Saddle of Wild Boar in the Walnut Crust with Celery Puree


Rating: 3.50 / 5.00 (2 Votes)


Total time: 45 min

Servings: 4.0 (servings)

Ingredients:







Sauce:










Walnut crust:






Celery puree:







Instructions:

For the sauce, brown the chopped bones and the meat trimmings in a roasting pan all around. Add the coarsely diced vegetables, the rosemary and thyme sprigs and the paradeis pulp. Again add a little bit of color form. Now simmer the stock for 120 minutes. Add a little water if necessary.

Pass the stock through a sieve, degrease it and boil it down to 0.2l. Stir the slightly simmering sauce with cold butter. At the end add the cranberries. Season the sauce with a little salt and freshly ground pepper. Season the saddle of wild boar with salt and pepper and brown it in hot fat with the rosemary sprig.

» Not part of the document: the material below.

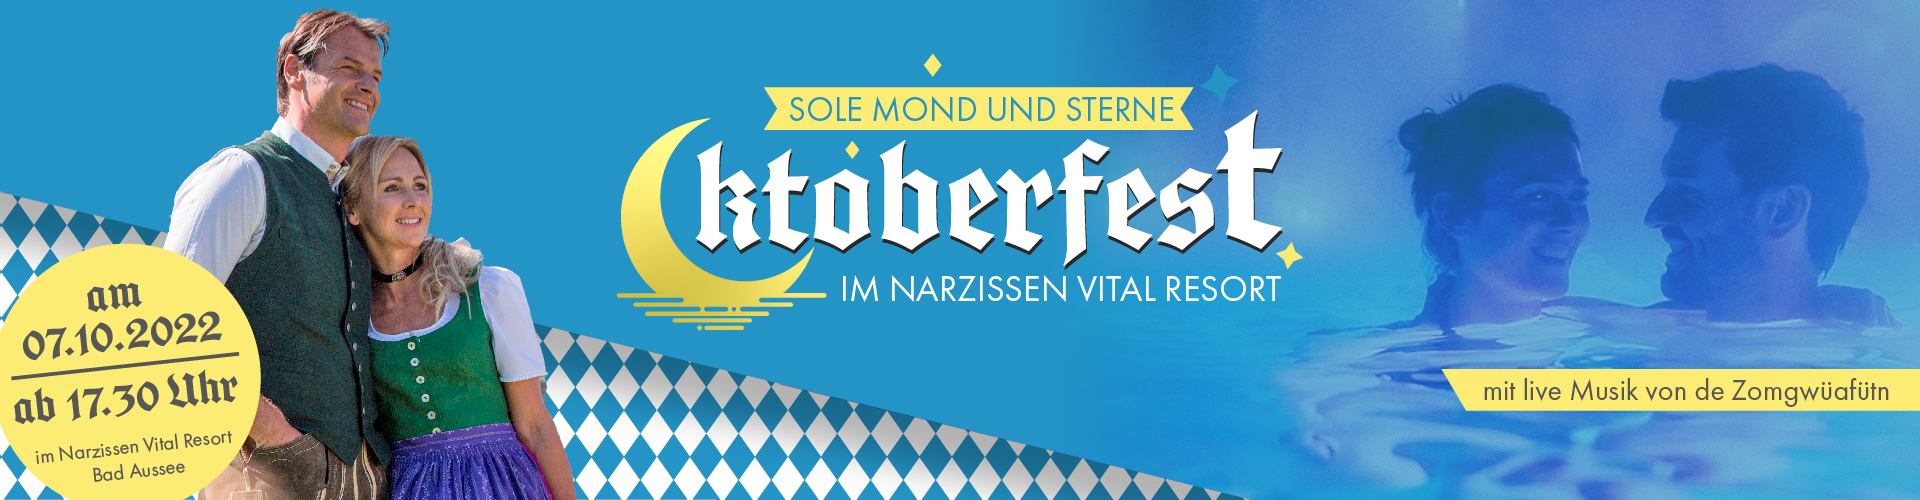 Solemondundstern Sujets Oktoberfest Header Hp 1920x500 1
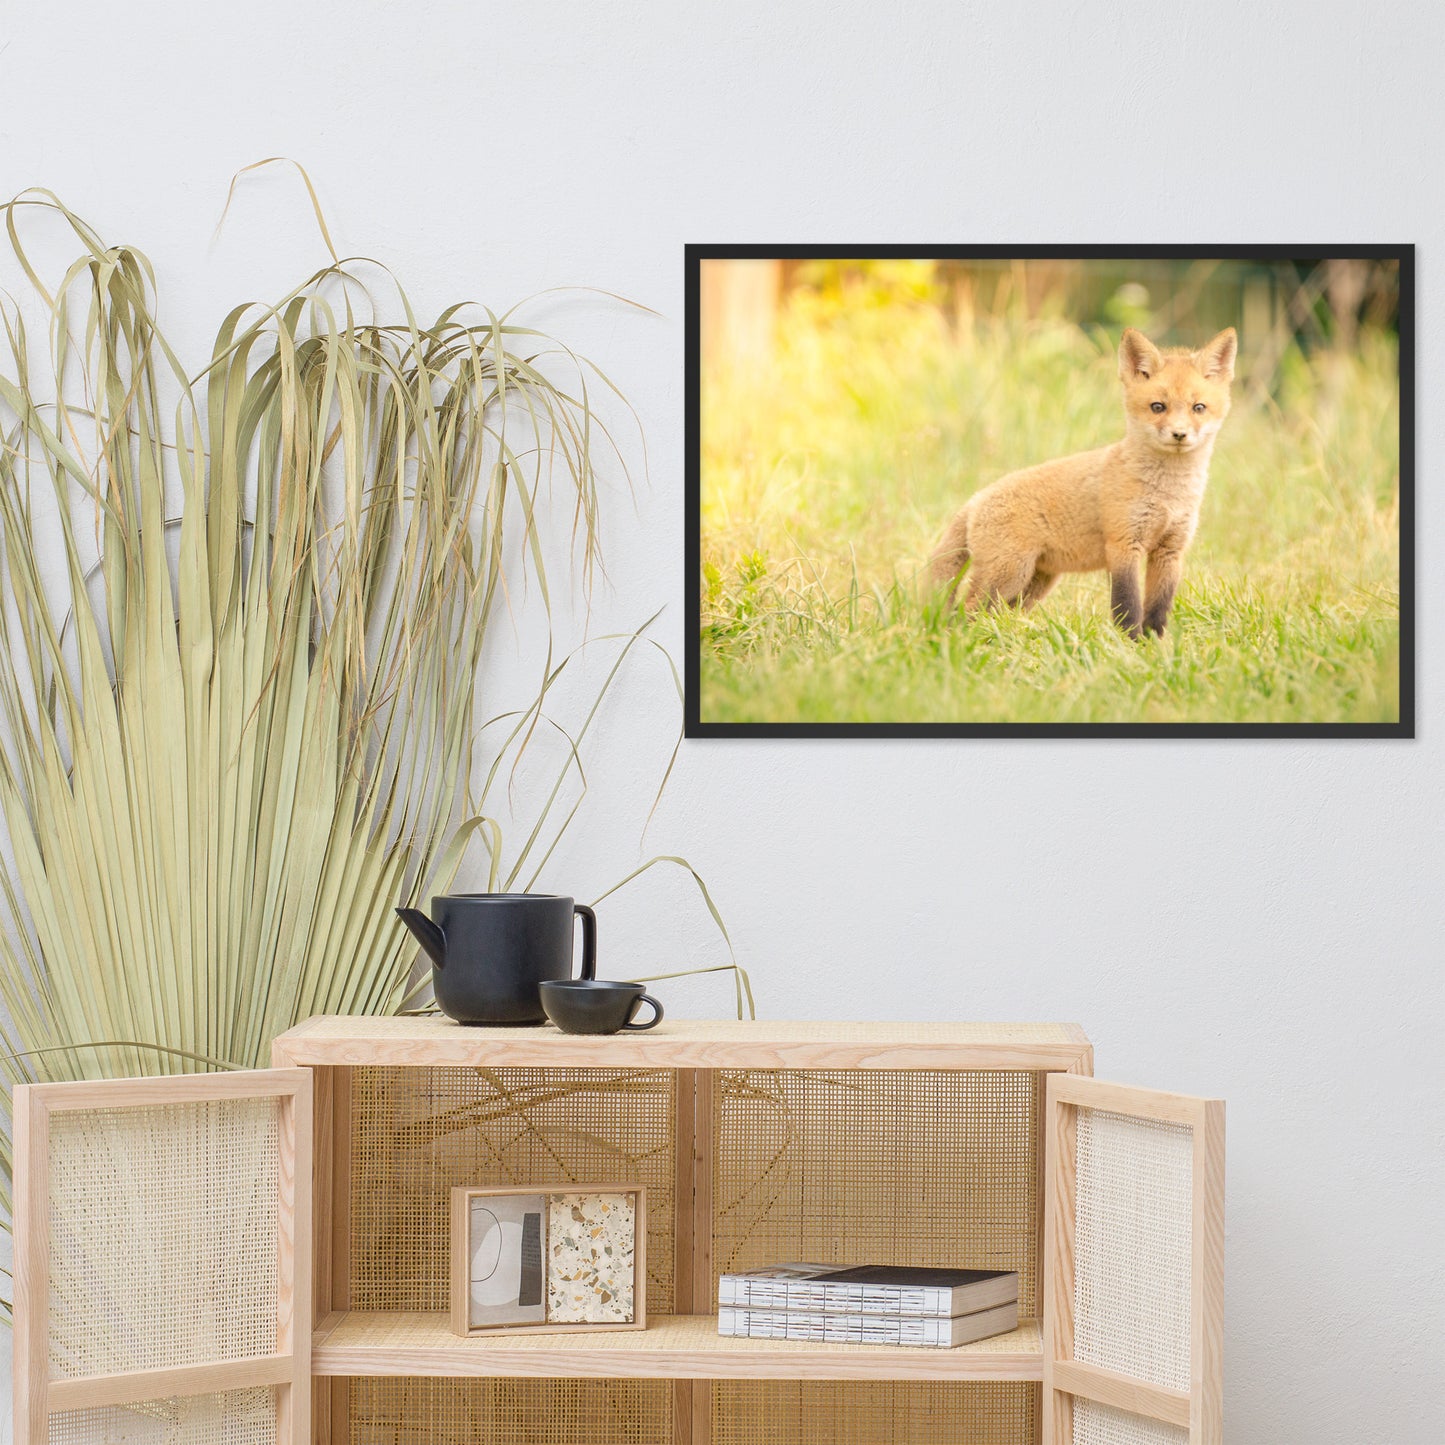 Nursery Art Framed: Baby Red Fox in the Sun - Animal / Wildlife / Nature Artwork - Wall Decor - Framed Wall Art Print

The meat now for 10 minutes at 180 degrees in the stove form. Then reduce the heat to 80 degrees and cook the meat for at least 15 minutes.

For the walnut crust, mix all ingredients and season with salt and pepper. If the farce becomes too firm, add a little butter. Brush the walnut mixture thinly on the wild boar fillet and bake for 2 min under a broiler until golden brown.

Remove the skin from the celery bulb and dice it. Soften in enough salted water. Drain. Whisk finely with a blender. Add the cold butter and warm whipping cream. Whisk again, perhaps passing through a hair sieve. Season with salt.

Our tip: Use sweet red wine for a sweet note and rather dry wine for a more intense taste.